Key value for chemical safety assessment
Acute toxicity: via oral route
Endpoint conclusion
- Dose descriptor:
- LD50
- Value:
- 1 022 mg/kg bw
Acute toxicity: via inhalation route
Endpoint conclusion
- Dose descriptor:
- LC50
- Value:
- 3 070 mg/m³ air
Acute toxicity: via dermal route
Endpoint conclusion
- Dose descriptor:
- LD50
- Value:
- 2 350 mg/kg bw
Additional information
n-Vinylpyrrolidone (nVP) has been adequately characterized for acute toxicity via oral, dermal, and inhalation routes. In various non-GLP guideline-equivalent studies, oral LD50 values (male/femal rats) include 834 to 1314 mg/kg bw (European Commission, 2003) and 1022 mg/kg bw (BASF, 1963), dermal LD50 values (male/female rabbits) of >400 mg/kg bw (BASF, 1979) and > 1000 mg/kg bw (HRC, 1978), and the inhalation LC50 (male/female rats) was determined to be 3070 mg/m3 (BASF, 1979).

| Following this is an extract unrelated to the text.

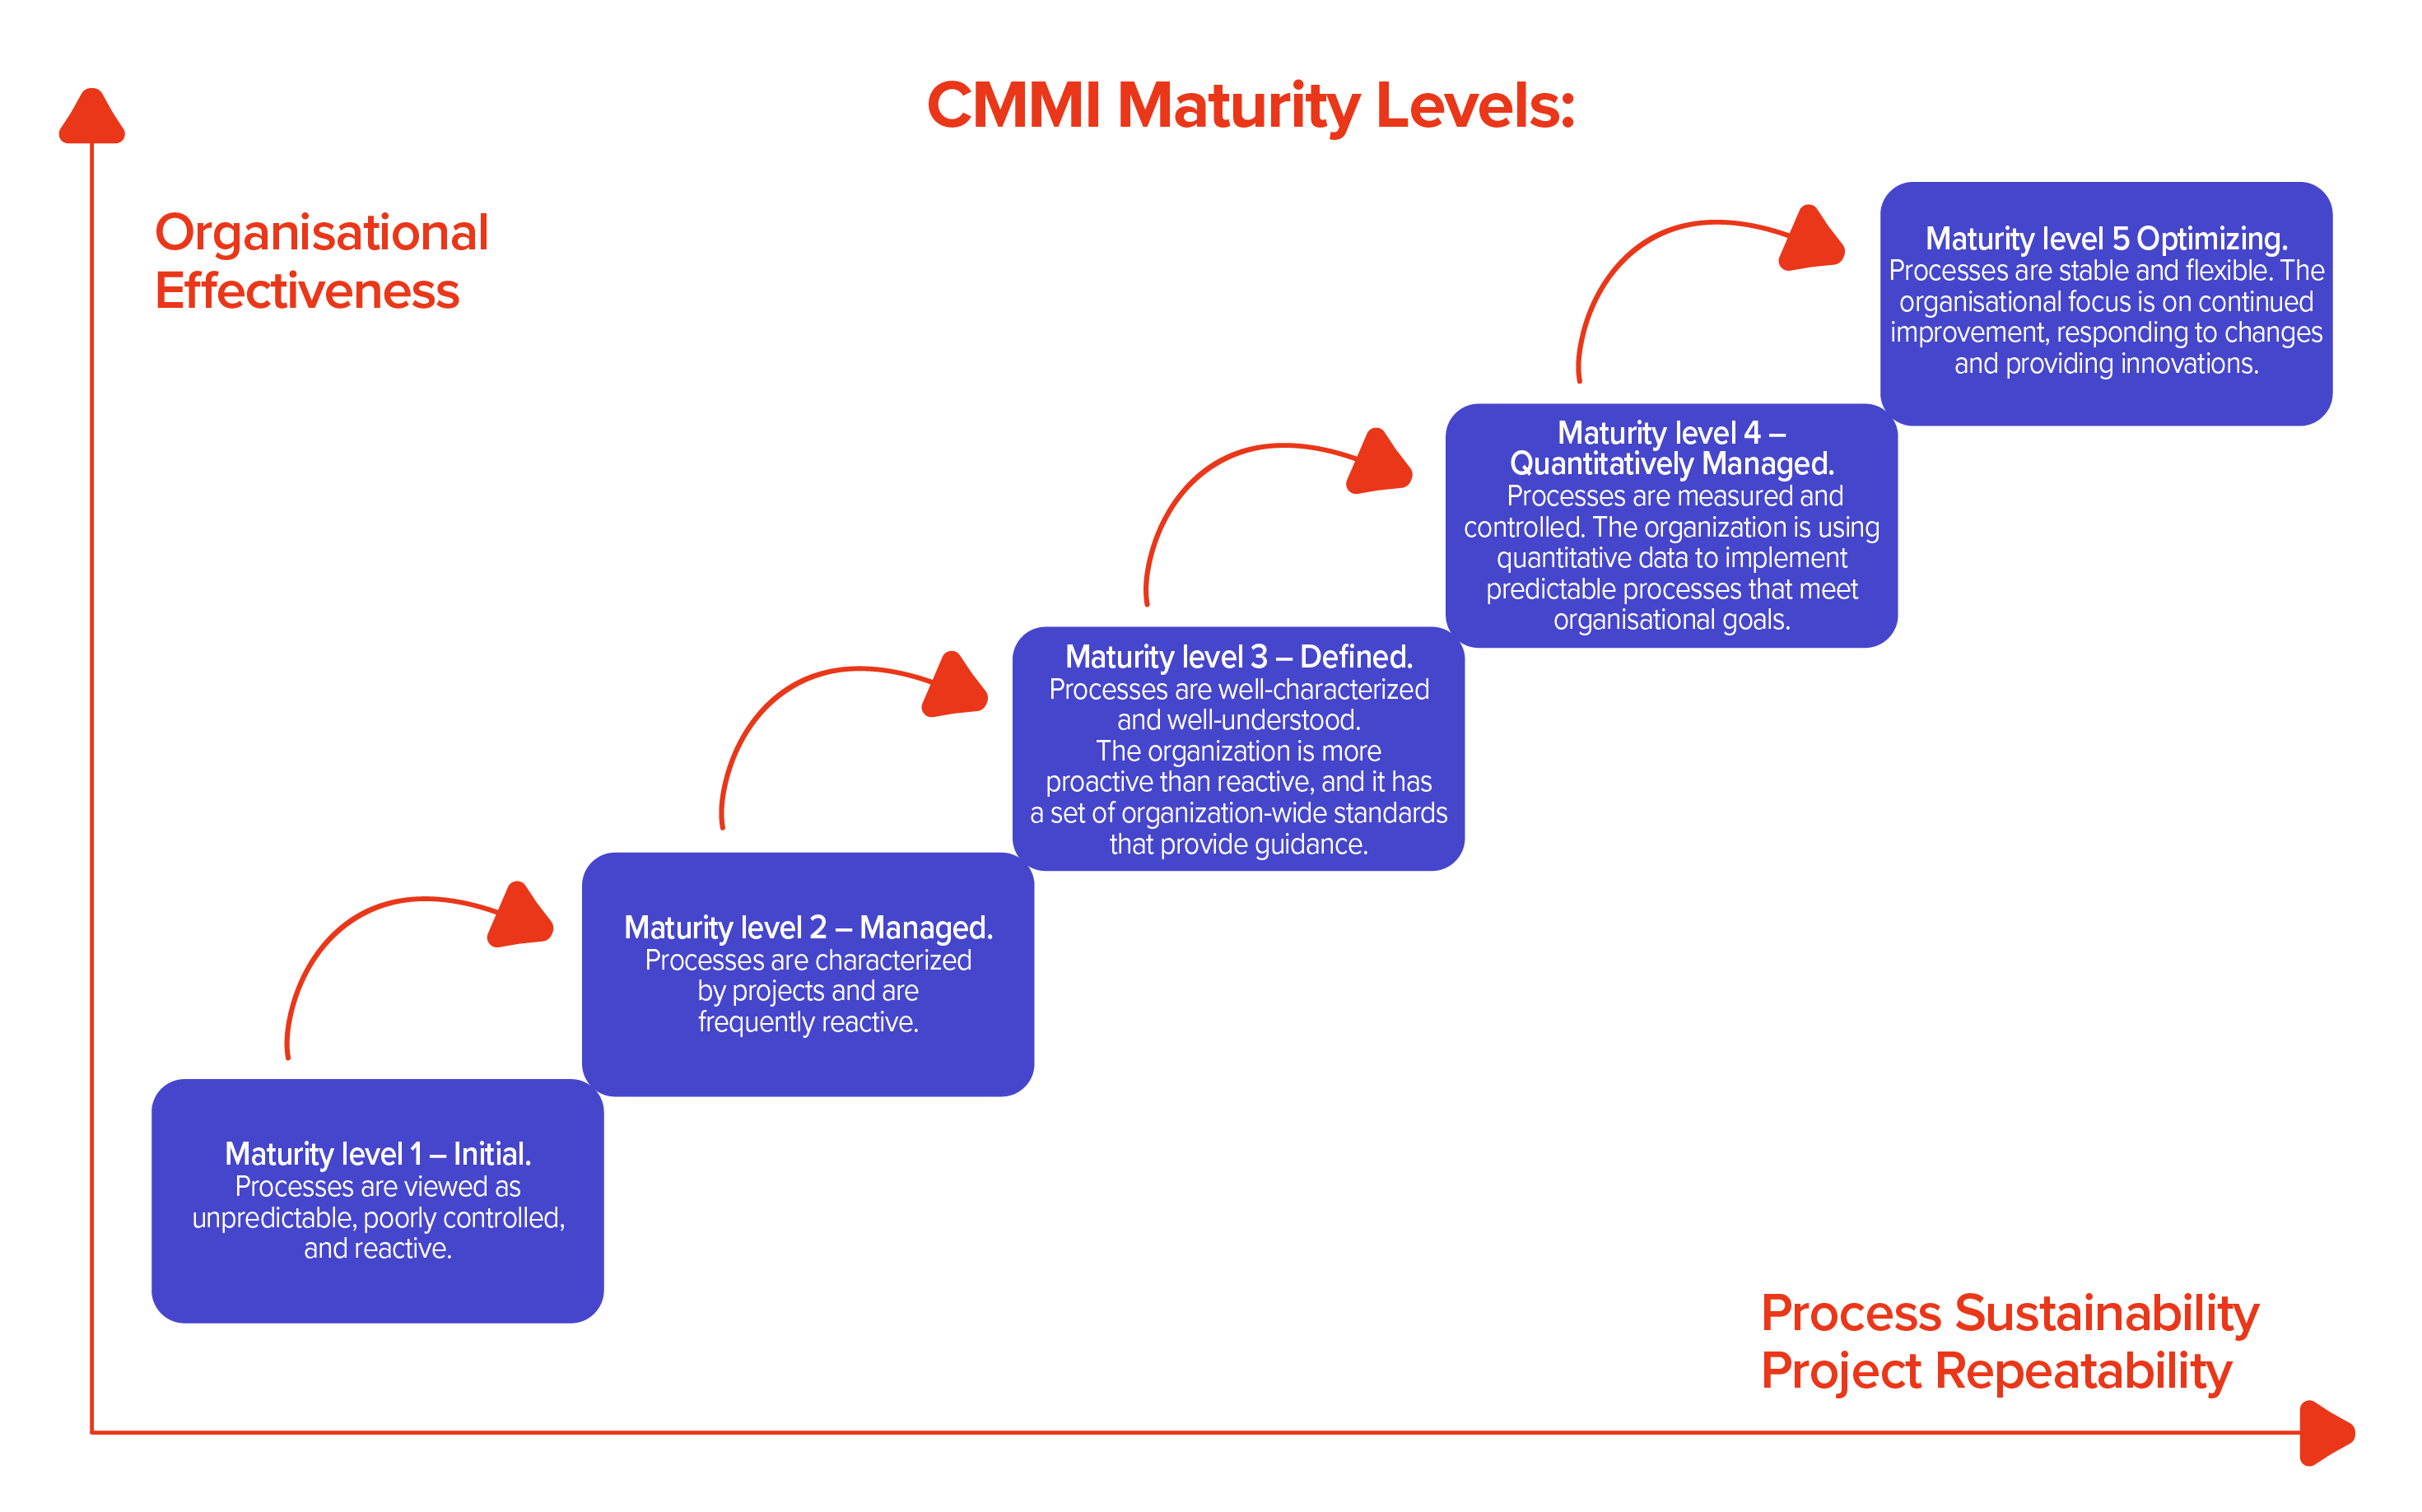 CMMI maturity levels

Justification for classification or non-classification
Acute oral toxicity
Based on a weight of the evidence of the results of acute oral toxicity testing (LD50, rat = 834 to 1314 mg/kg bw), the substance should be classified as Xn; R22 (Harmful if swallowed) under the EU DSD classification criteria (EU Directive 67/548/EEC) and Acute Toxicity, Oral-Category 4 under the EU CLP classification criteria (Regulation (EC) 1272/2008).
Acute inhalation toxicity
Based on the results of acute inhalation toxicity testing (LC50, rat = 3070 mg/m3), the substance should be classified as Xn; R20 (Harmful by inhalation) under the EU DSD classification criteria (EU Directive 67/548/EEC) and Acute Toxicity, Inhalation-Category 4 under the EU CLP classification criteria (Regulation (EC) 1272/2008).
Acute dermal toxicity
The study with rabbits (LD50 = 560 mg/kg bw; FDRL, 1975; cited in EU RAR) lacks important data on conditions of exposure and information on local skin effects or systemic toxicity. Consequently, this study was given reliability 4 (not assignable).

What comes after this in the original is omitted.